Oemig vs. Town of Lowell (not recommended for publication)
The Town of Lowell, in Dodge County undertook a road construction project. As is very typical, they apparently hired an engineering company, and a construction company, and the project was designed and constructed. The Oemigs, neighboring property owners, sued the Town, the engineering company, the construction company, and the construction company’s insurance company for various claims of damage to their property allegedly caused by the road project. (The first lesson here is that when someone wants to sue someone, it is often a scatter gun approach – sue everyone you can think of and see if anything sticks).
The Town had a “business owners” insurance policy with Rural Mutual Insurance. However, this insurance policy contained a “professional services” exclusion. Essentially, the gist of the court case was that if the Town “constructed” the roads, then the insurance company would defend them, but since the Oemigs’ allegations against the Town were based on the fact that the Town “negligently approved the design of the project,” the insurance company had no duty to defend the Town. Negligently construct the road = duty to defend. Negligently approve the design of the road = no duty to defend.
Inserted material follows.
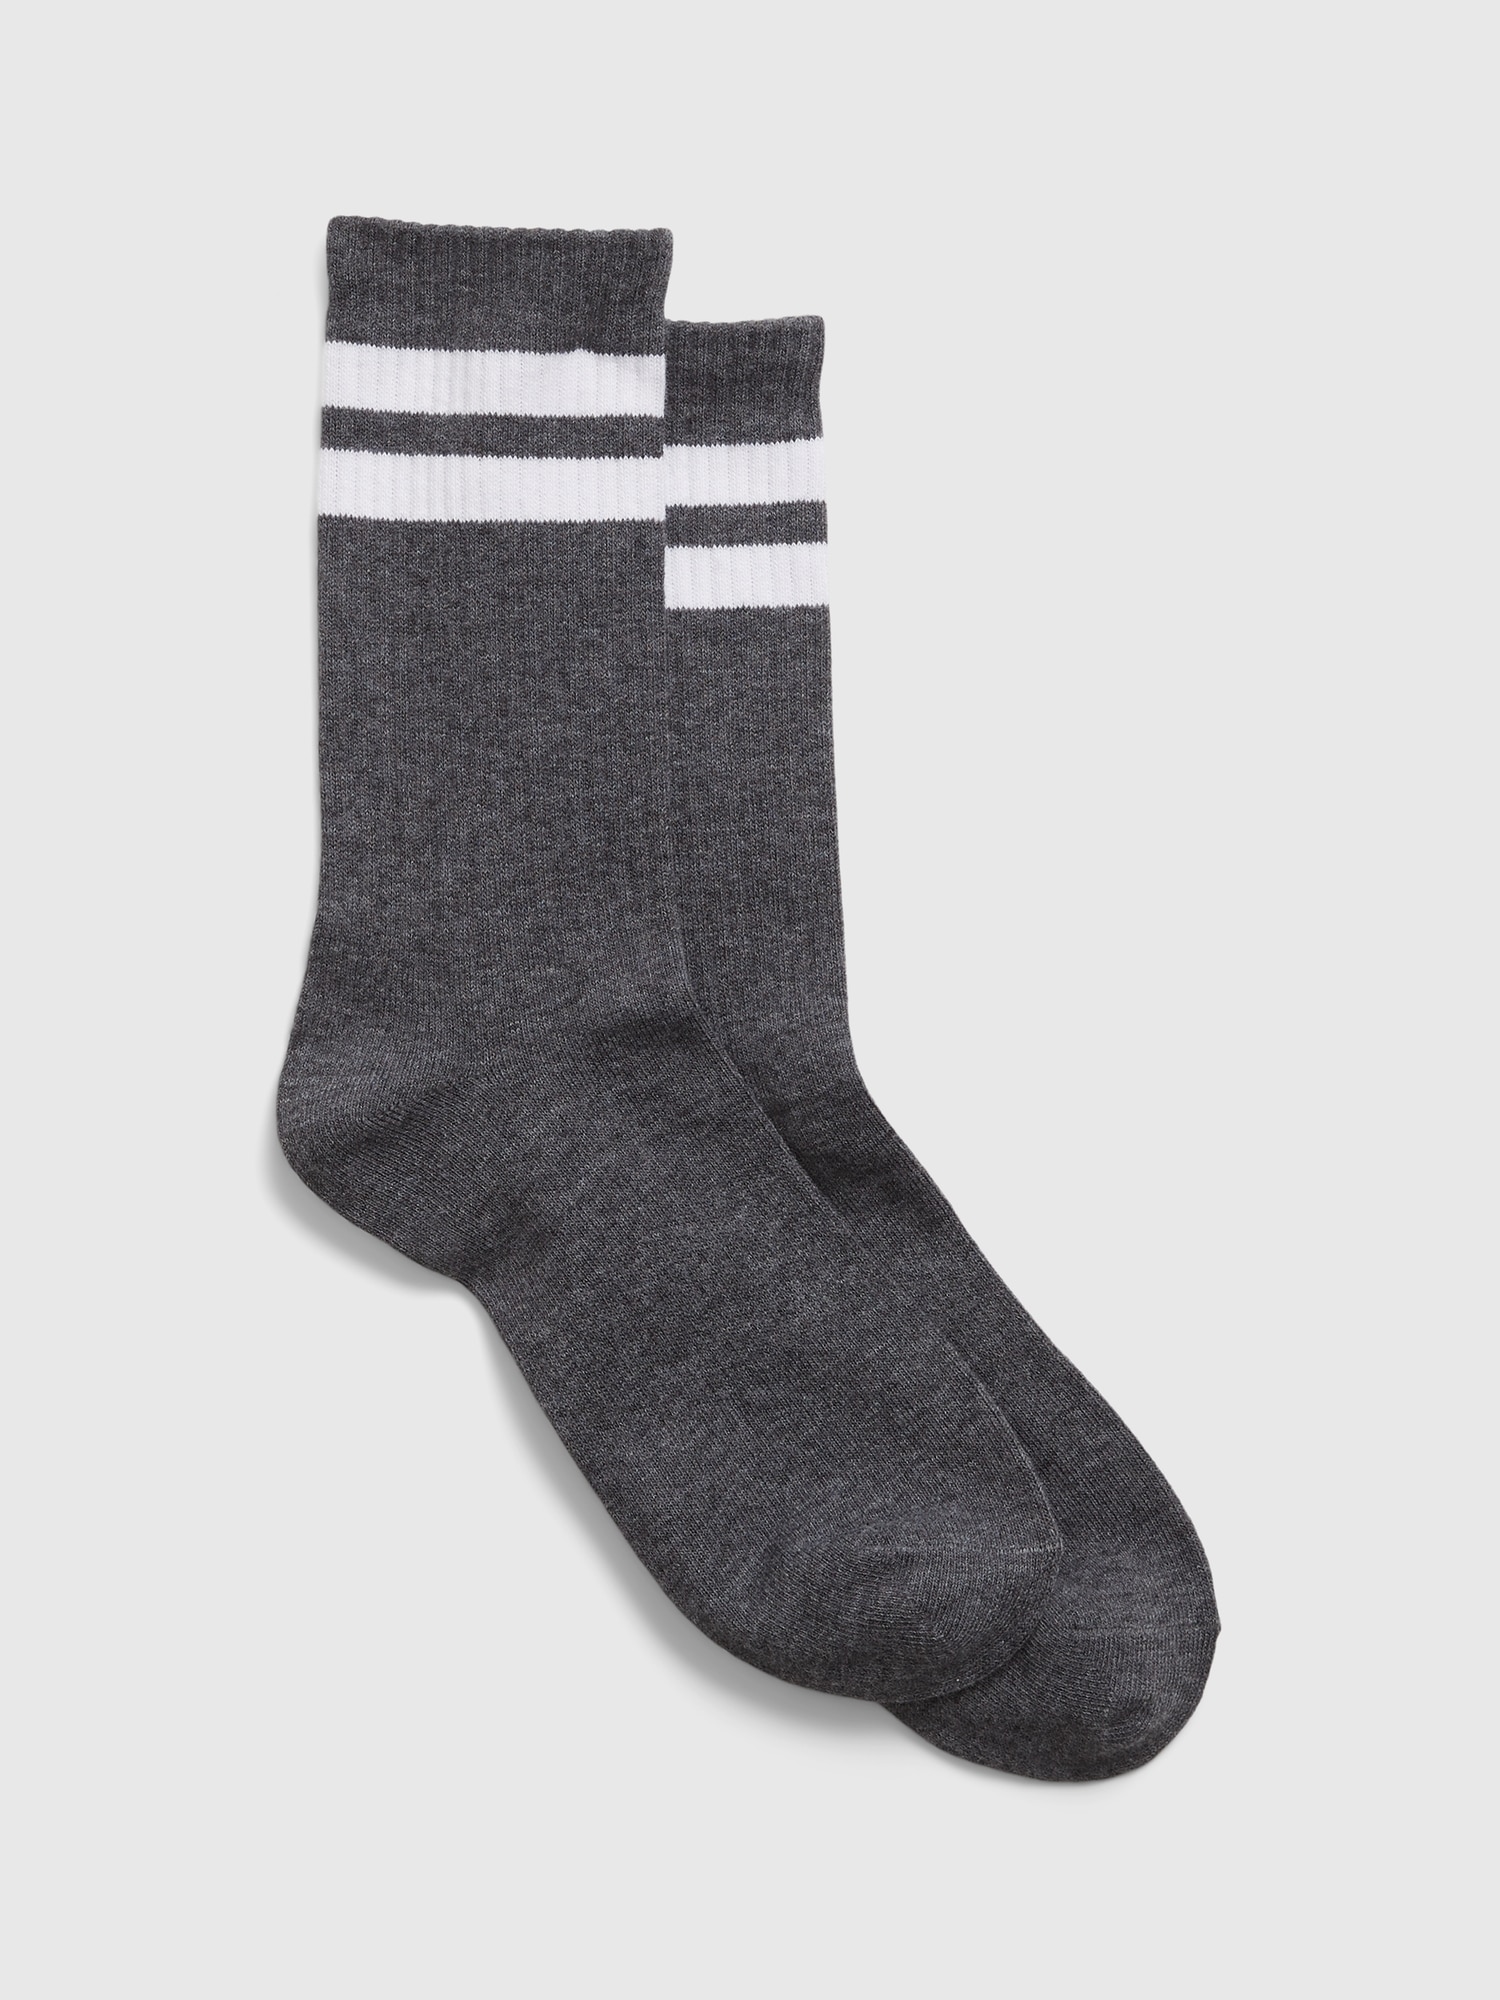 Gap Crew Socks In Gray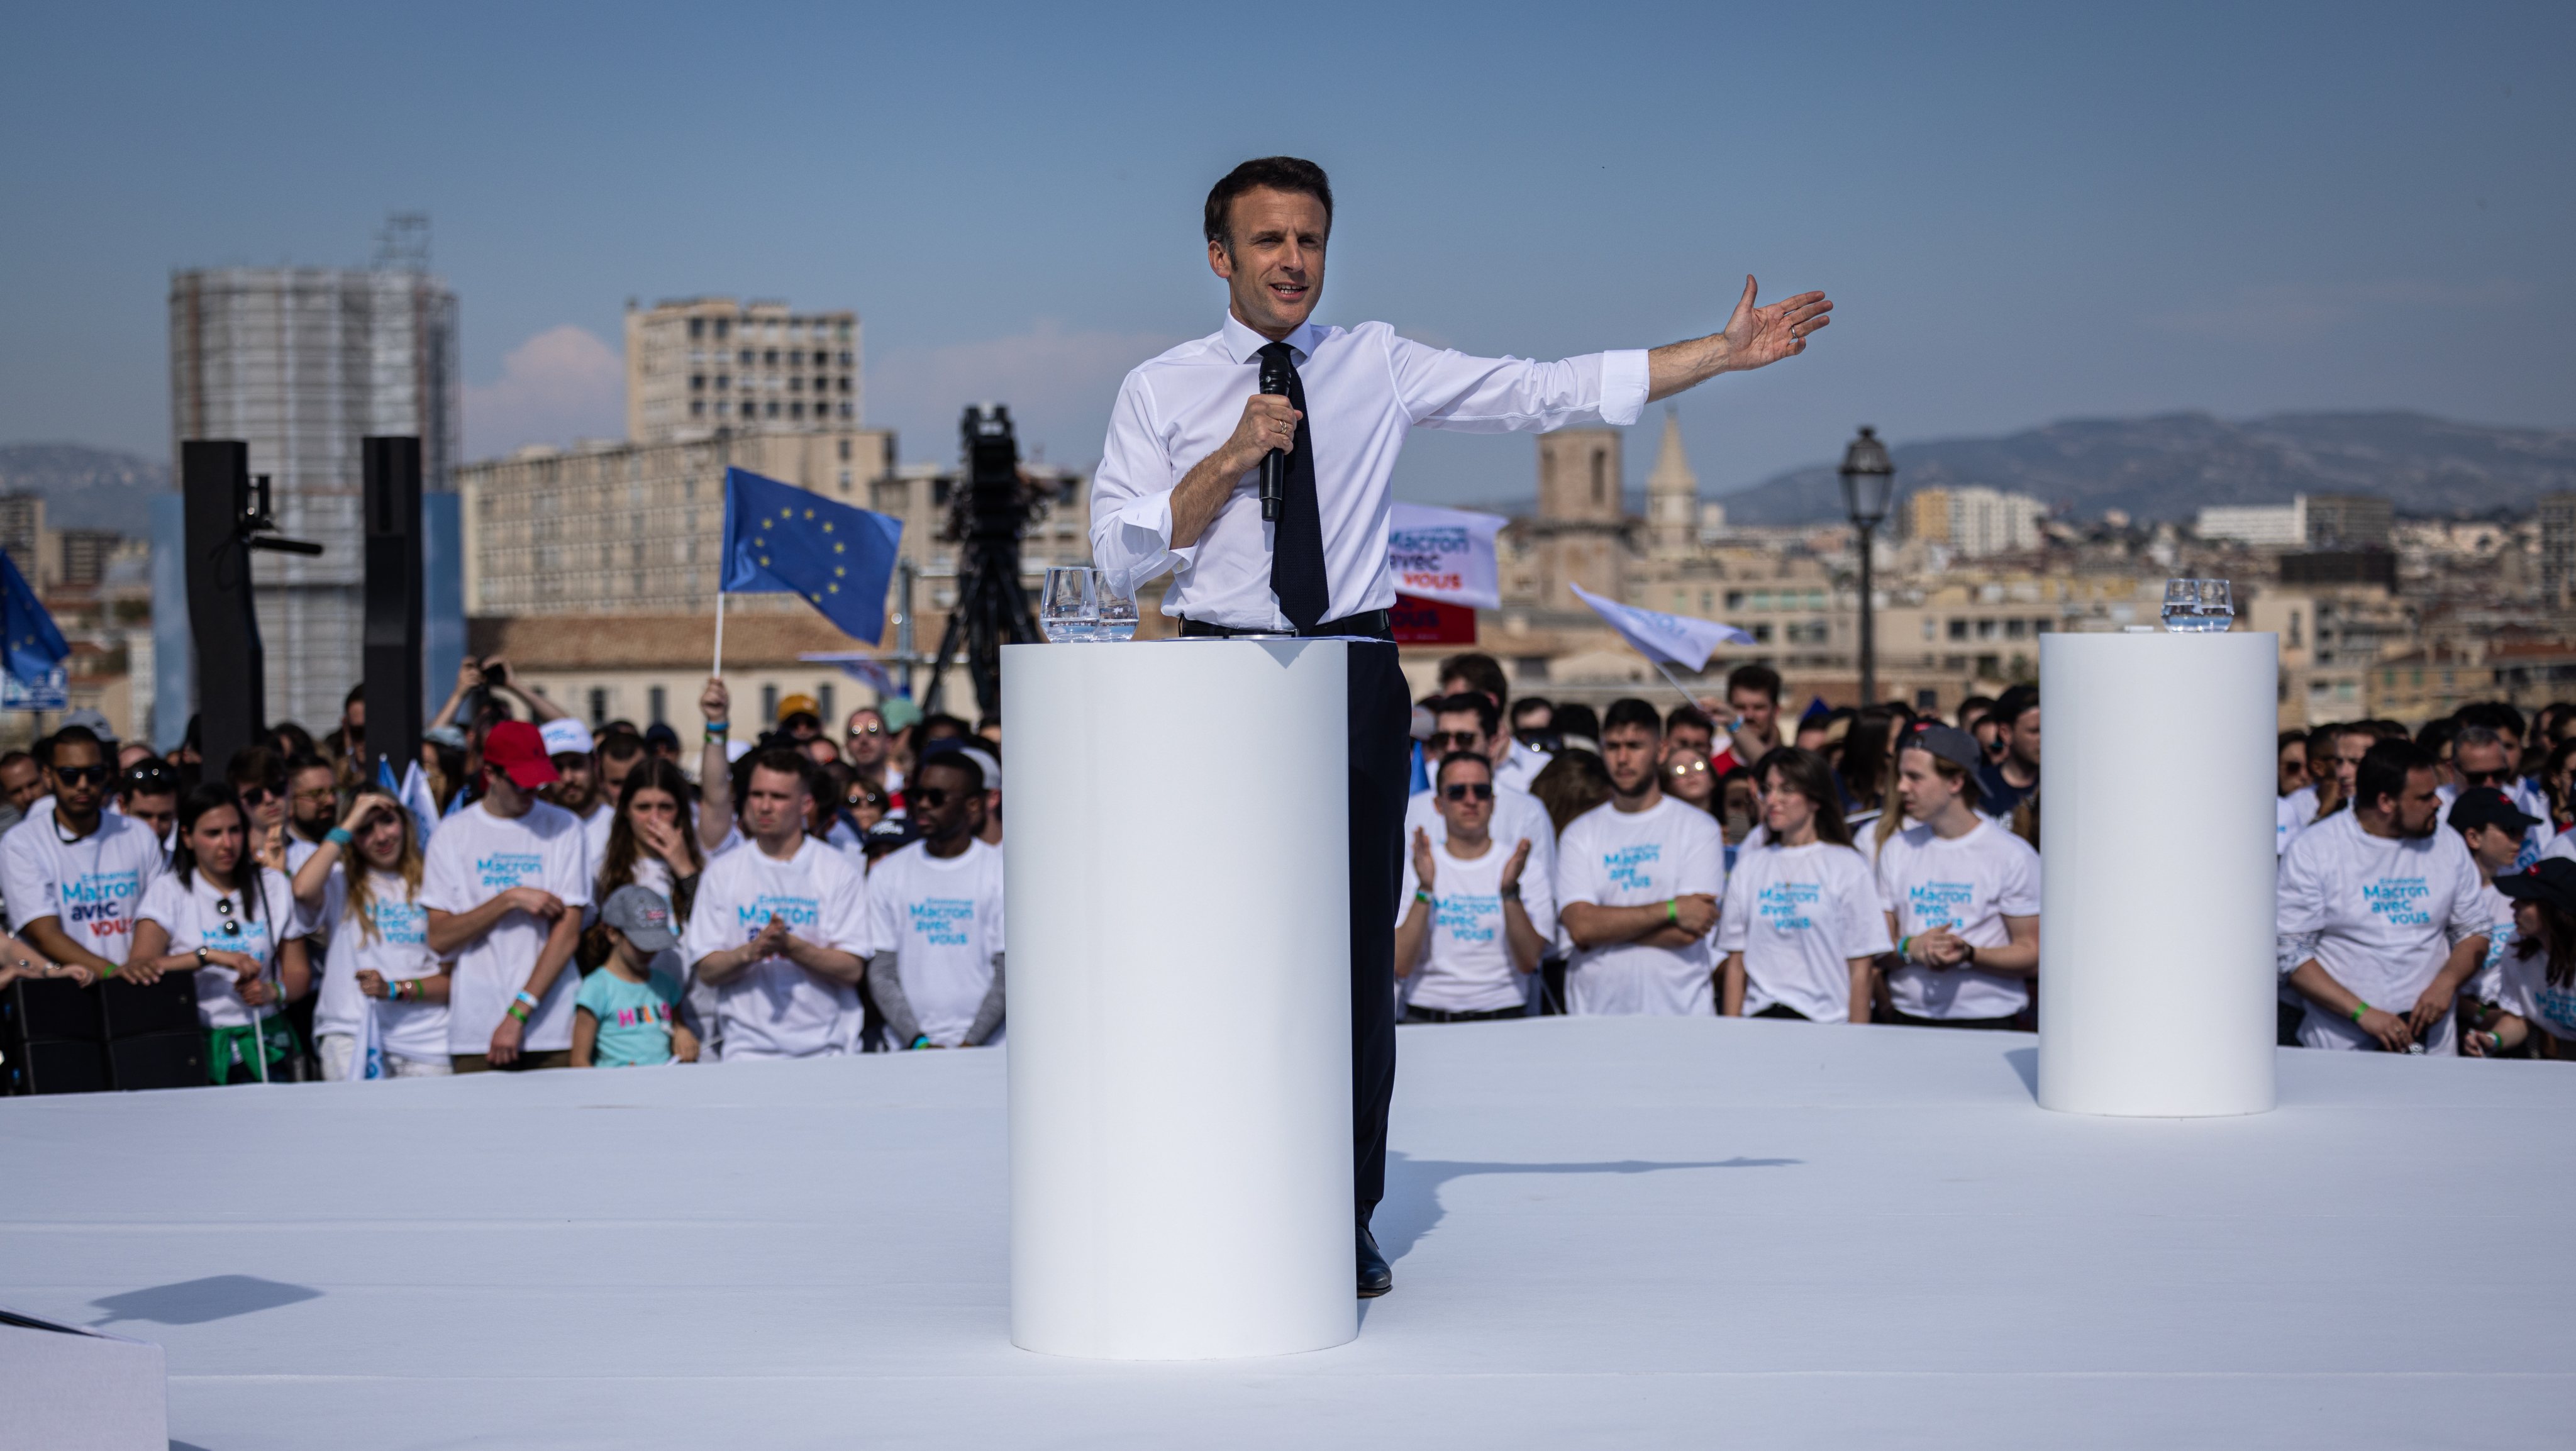 Emmanuel Macron, Candidate For France&#039;s La Republique En Marche Party, Campaigns For President

The circuit court found that the Oemigs’ claim against the Town was based on the “negligent design” not negligent construction. The appeals court affirmed. To be sure, the Oemigs were also making claims based on the actual construction of the project, but not, apparently, against the Town, only against the construction company and maybe the engineering company. Thus the narrow holding in this appeals case was that Rural Mutual Insurance does not have to defend the Town against allegations of negligent design of the project. It appears the litigation will continue, with the Town paying the bill for its defense.